_DATA BELOW:_

--------------------

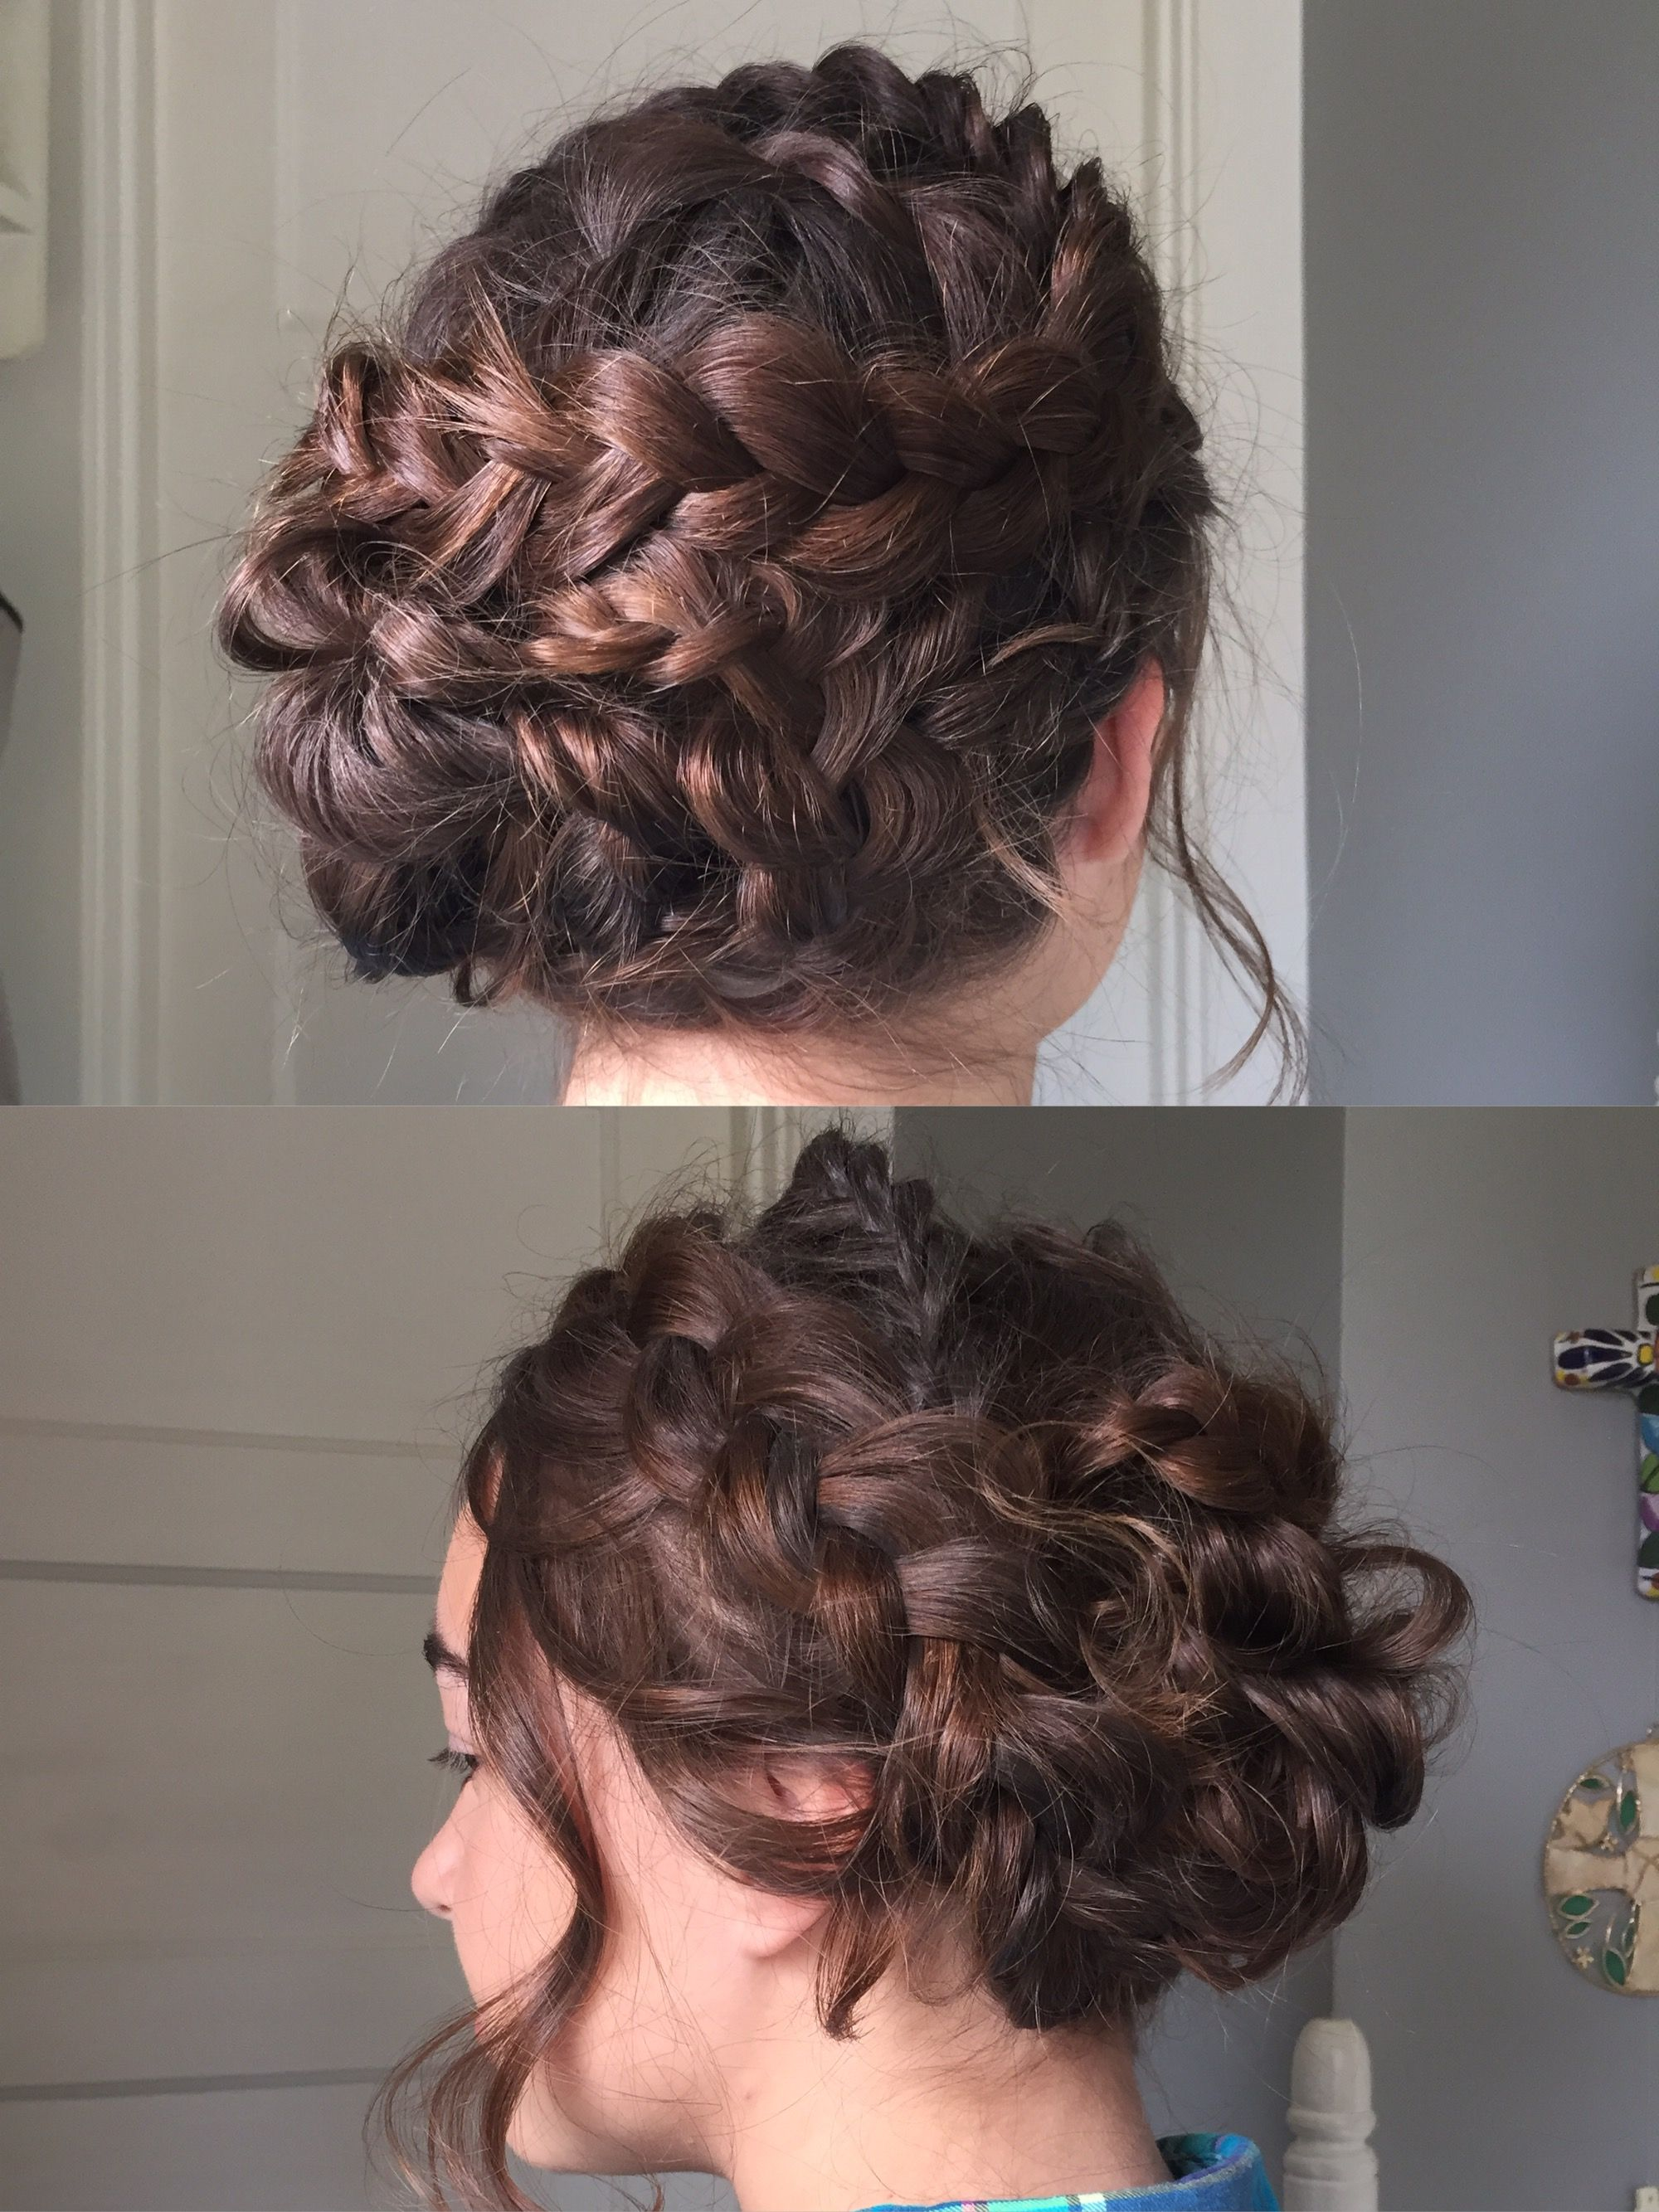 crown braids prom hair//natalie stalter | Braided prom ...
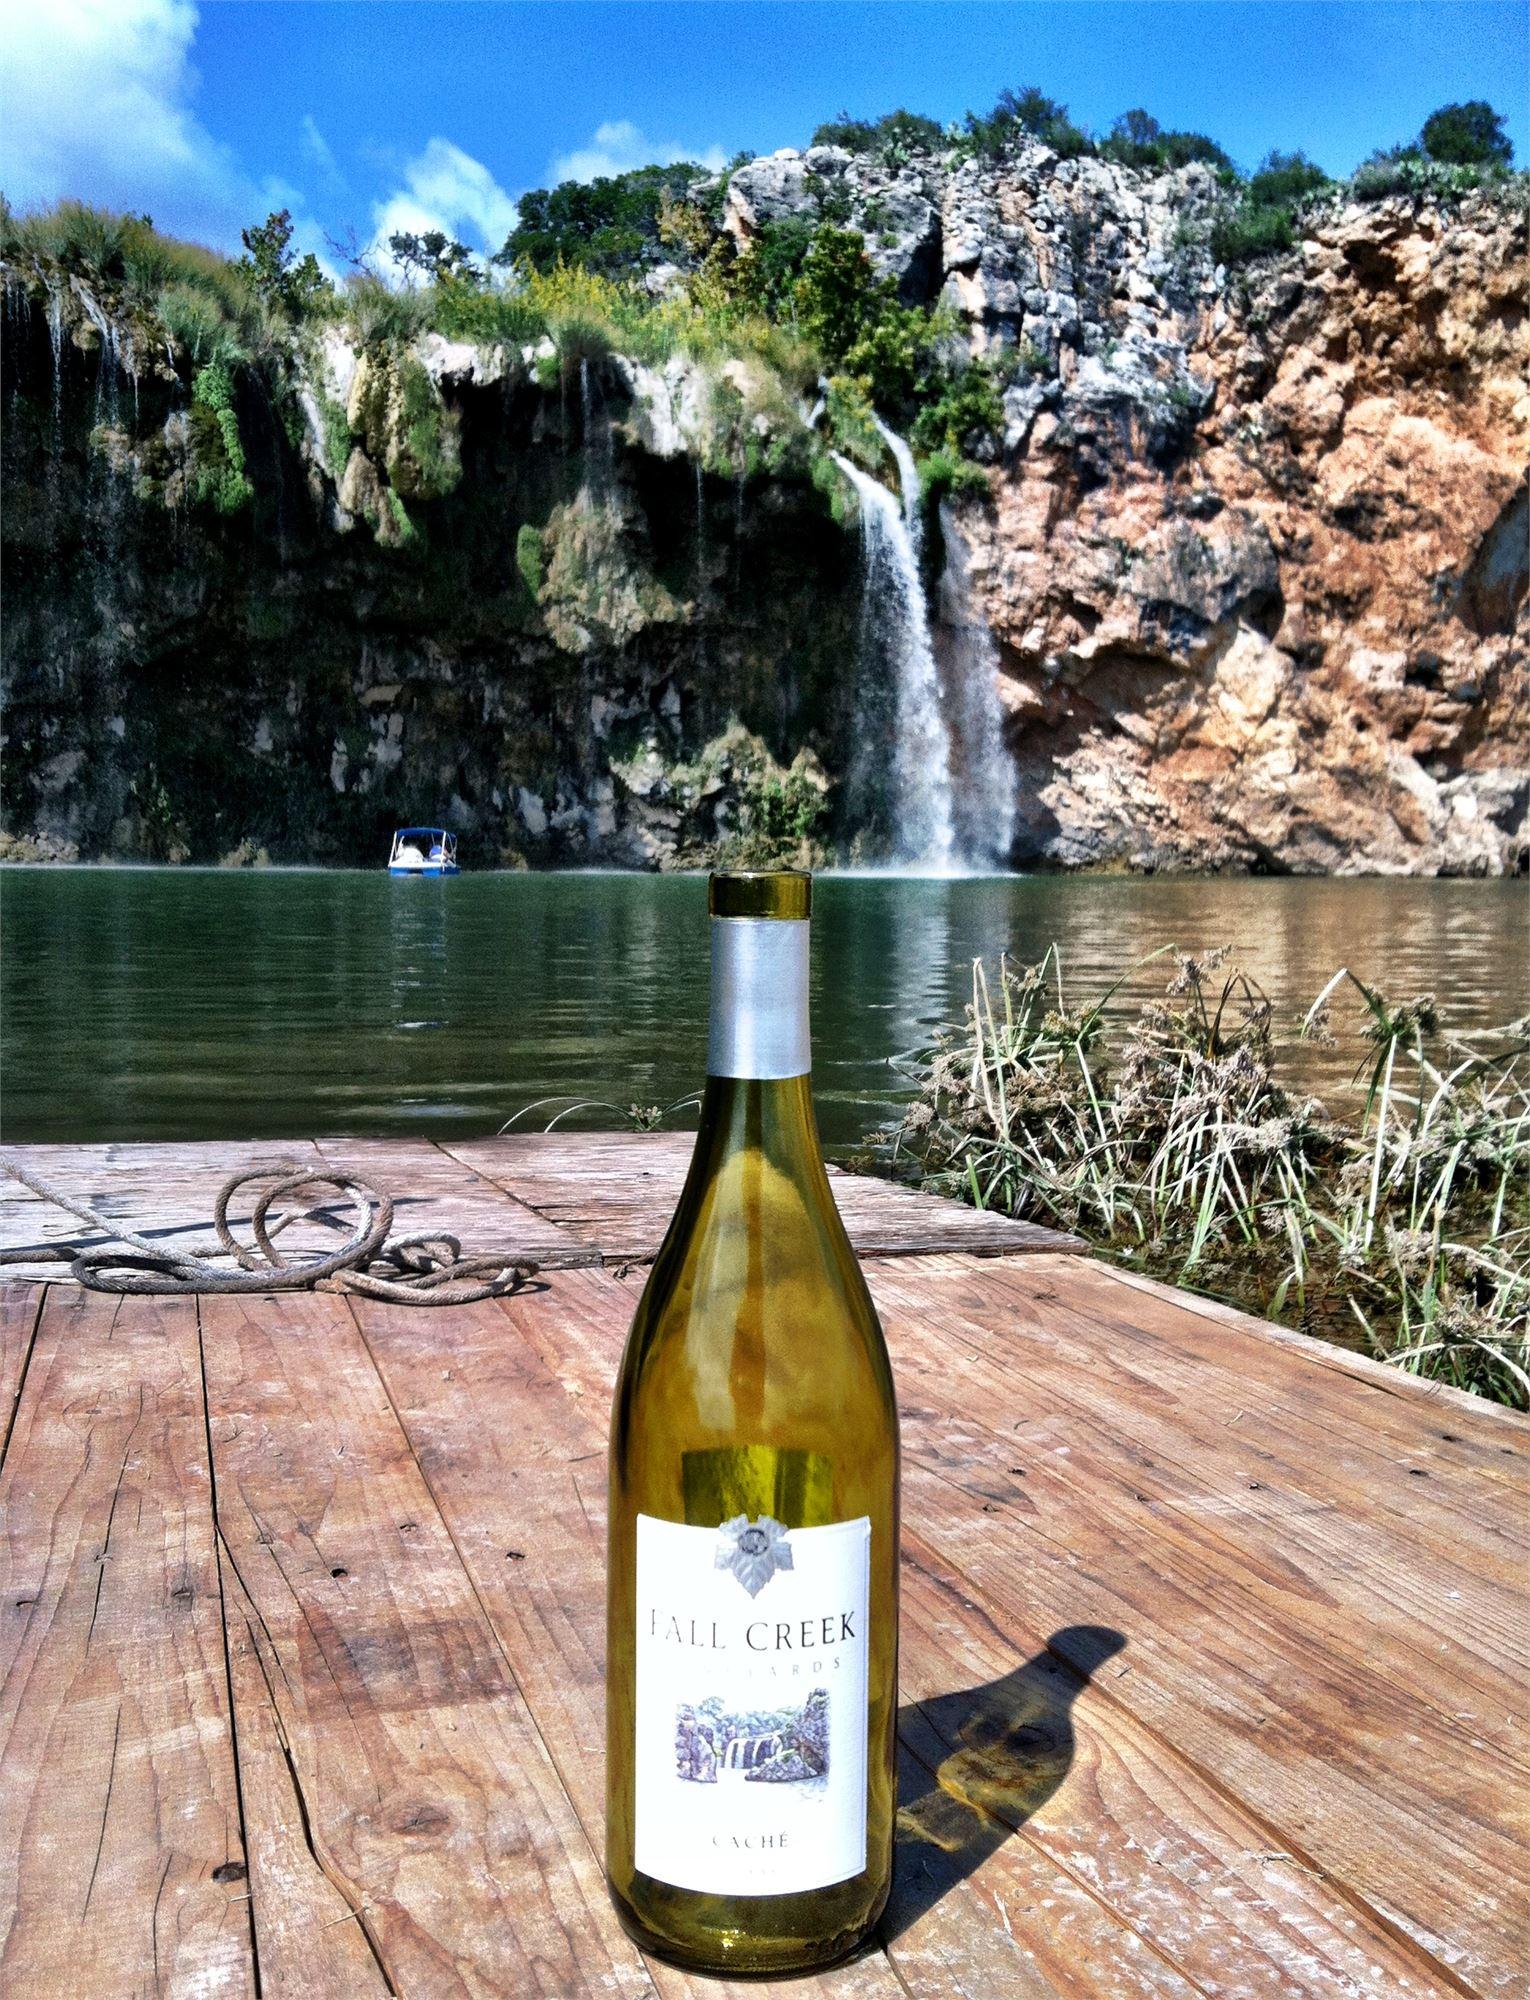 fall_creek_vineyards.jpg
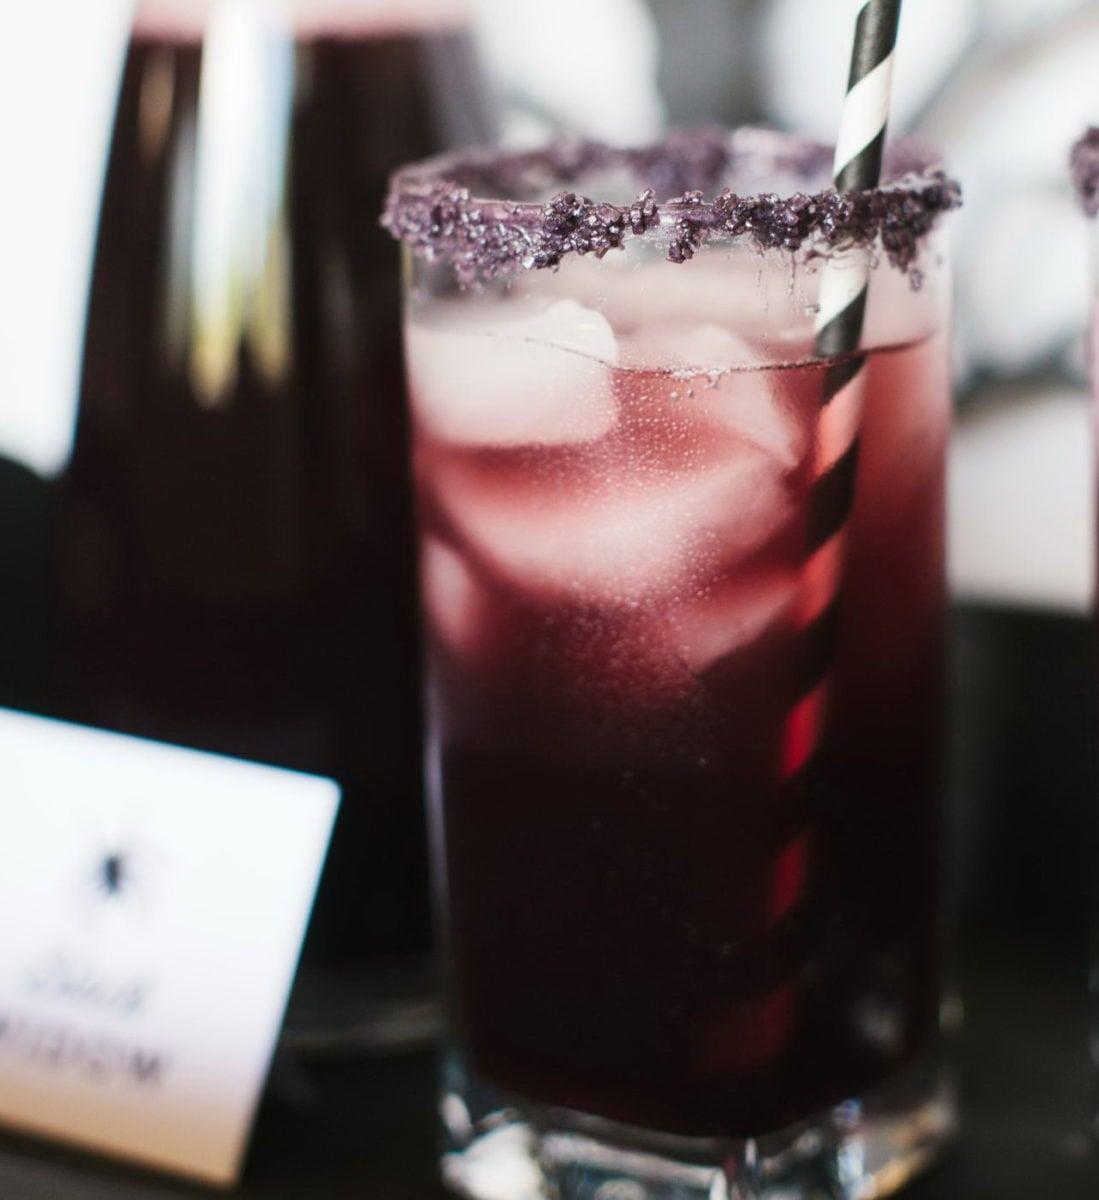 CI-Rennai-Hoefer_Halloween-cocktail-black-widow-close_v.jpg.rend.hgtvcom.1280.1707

--------------------

_INSTRUCTIONS FOR THE TASK:_ The whole listing above needs to be copied exactly; please keep the pictures out.

_SOLVED EXERCISE:_
 crown braids prom hair//natalie stalter | Braided prom ...
 fall_creek_vineyards.jpg
 CI-Rennai-Hoefer_Halloween-cocktail-black-widow-close_v.jpg.rend.hgtvcom.1280.1707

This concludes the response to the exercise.